■ Work task
For every line in the material, output its text exactly and exclude any image it holds.

■ Data section
*** Block opens ***

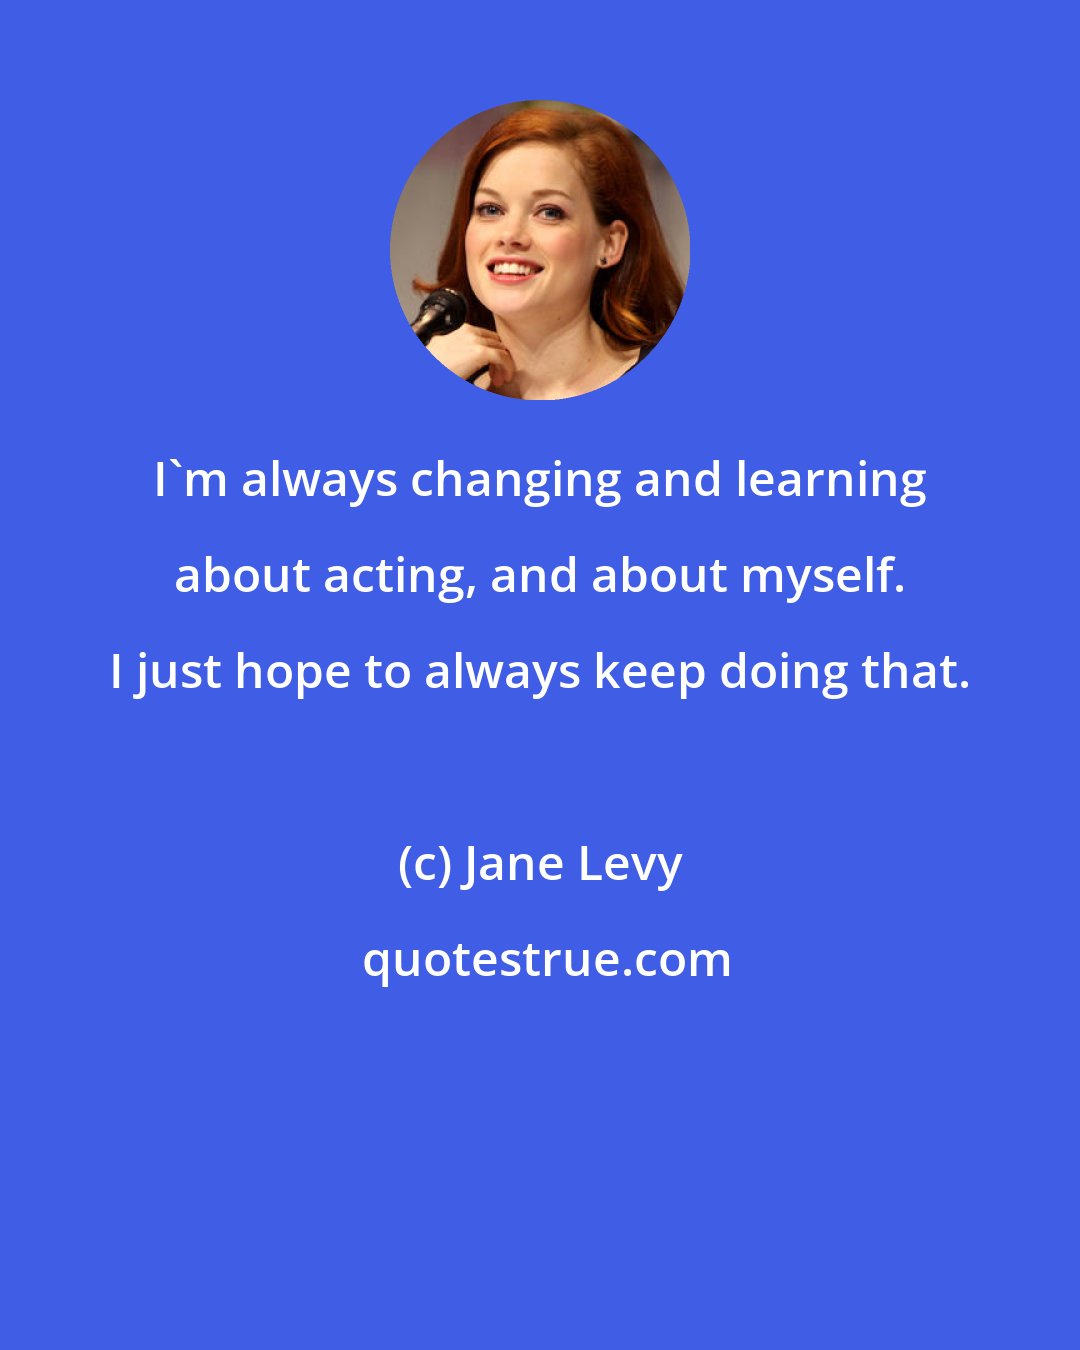 Jane Levy: I'm always changing and learning about acting, and about myself. I just hope to always keep doing that.
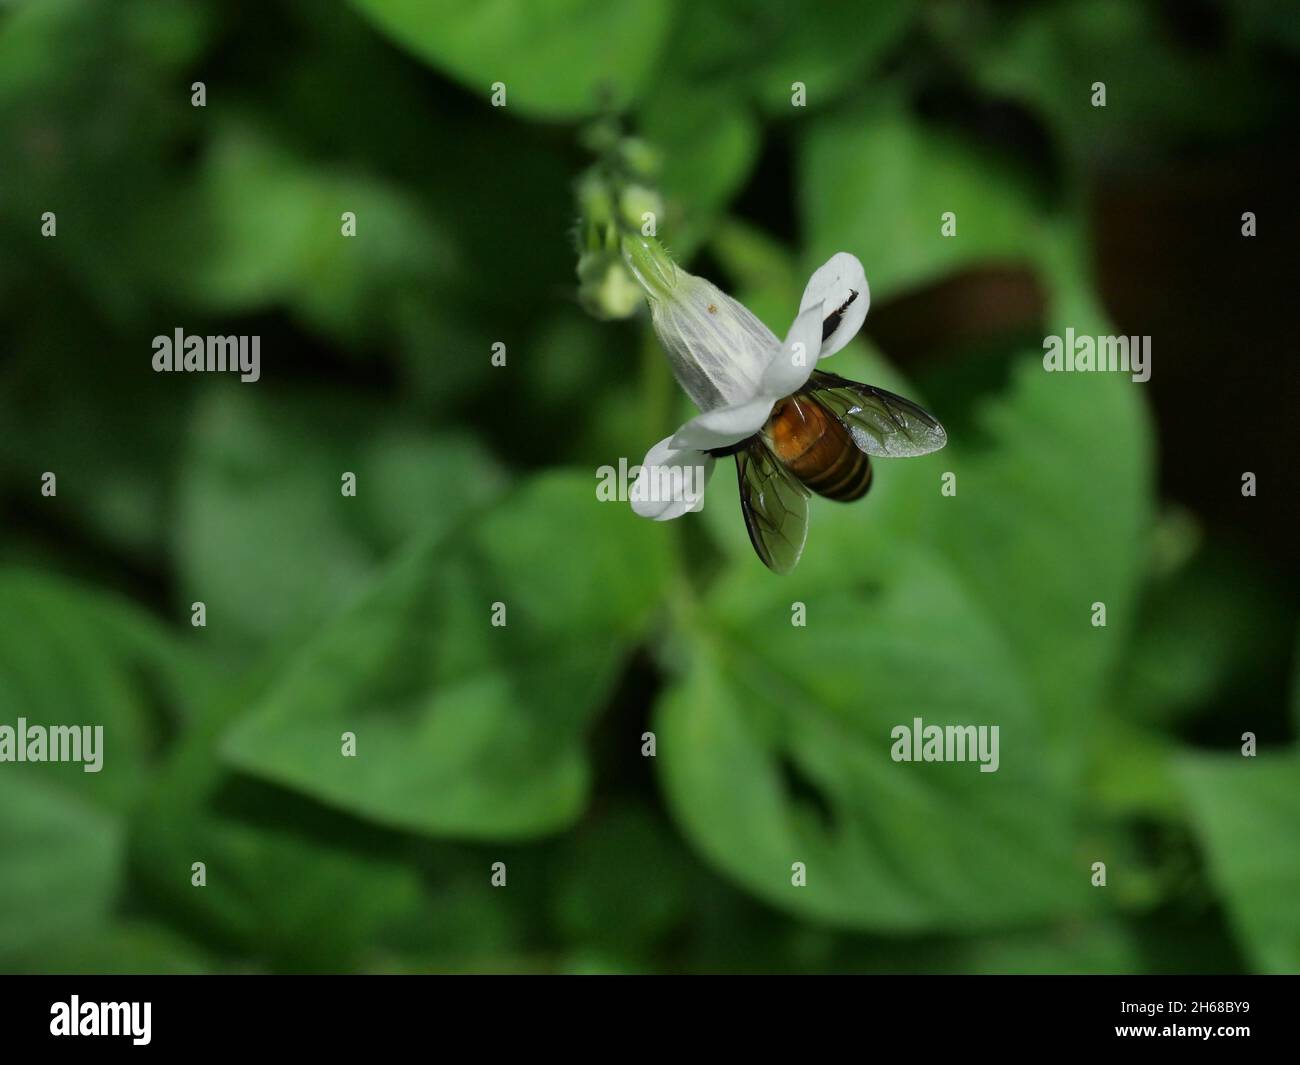 Giant honey bee seeking nectar on white Chinese violet or coromandel or creeping foxglove ( Asystasia gangetica ) blossom in field with natural green, Stock Photo
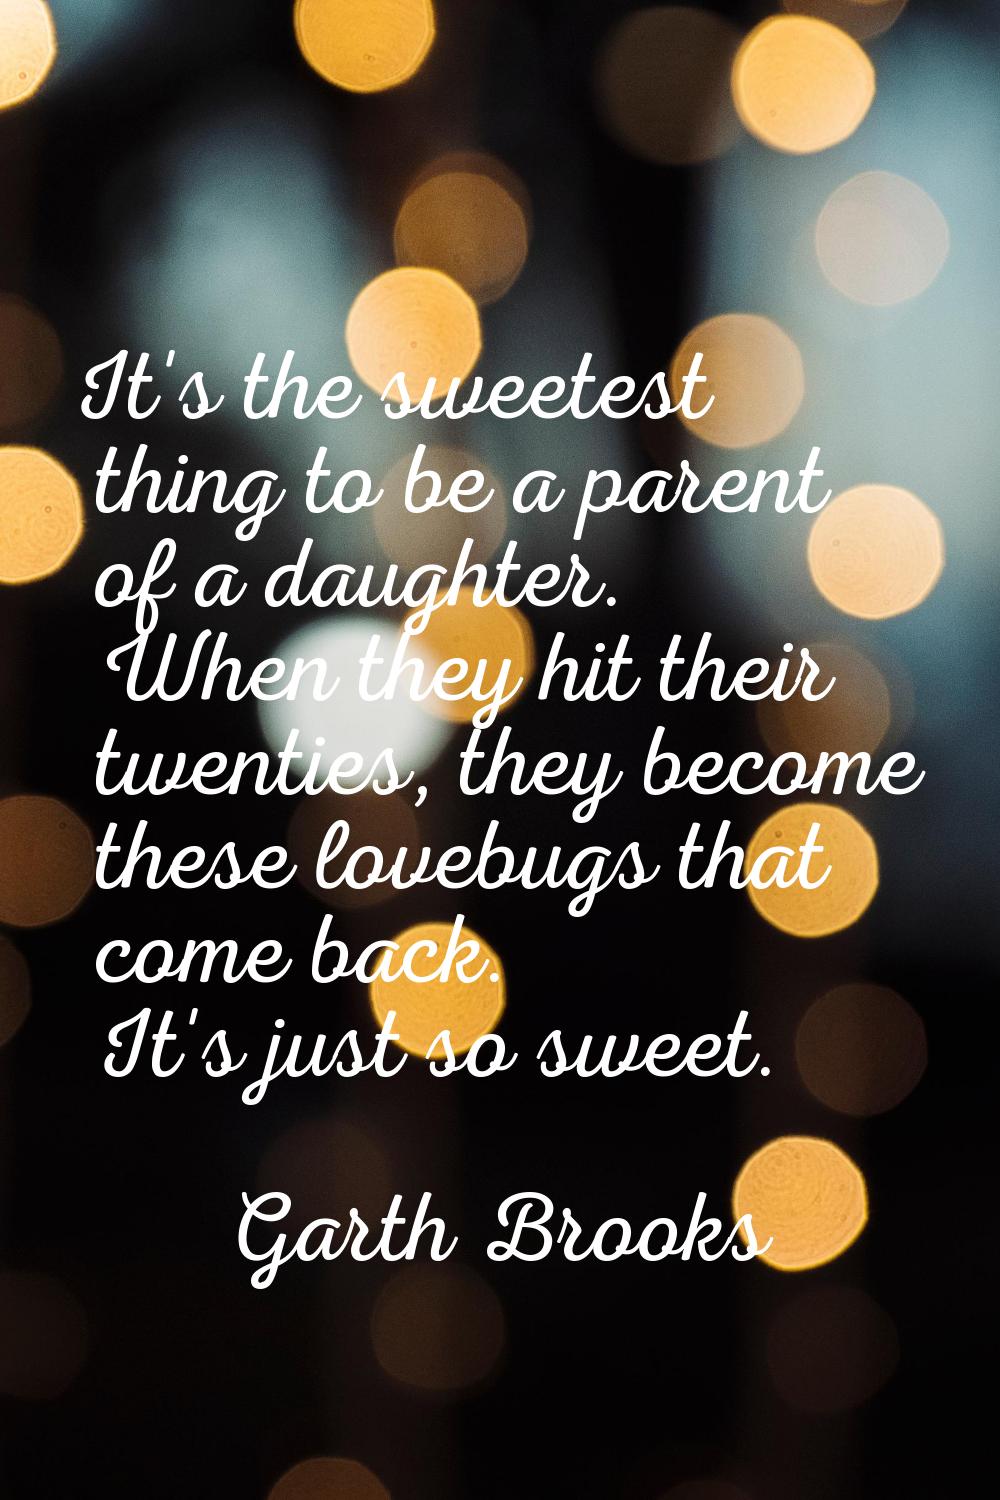 It's the sweetest thing to be a parent of a daughter. When they hit their twenties, they become the

*** Block closes ***

■ Solution to this problem
 Jane Levy: I'm always changing and learning about acting, and about myself. I just hope to always keep doing that.
 Giant honey bee seeking nectar on white Chinese violet or coromandel or creeping foxglove ( Asystasia gangetica ) blossom in field with natural green, Stock Photo
 It's the sweetest thing to be a parent of a daughter. When they hit their twenties, they become the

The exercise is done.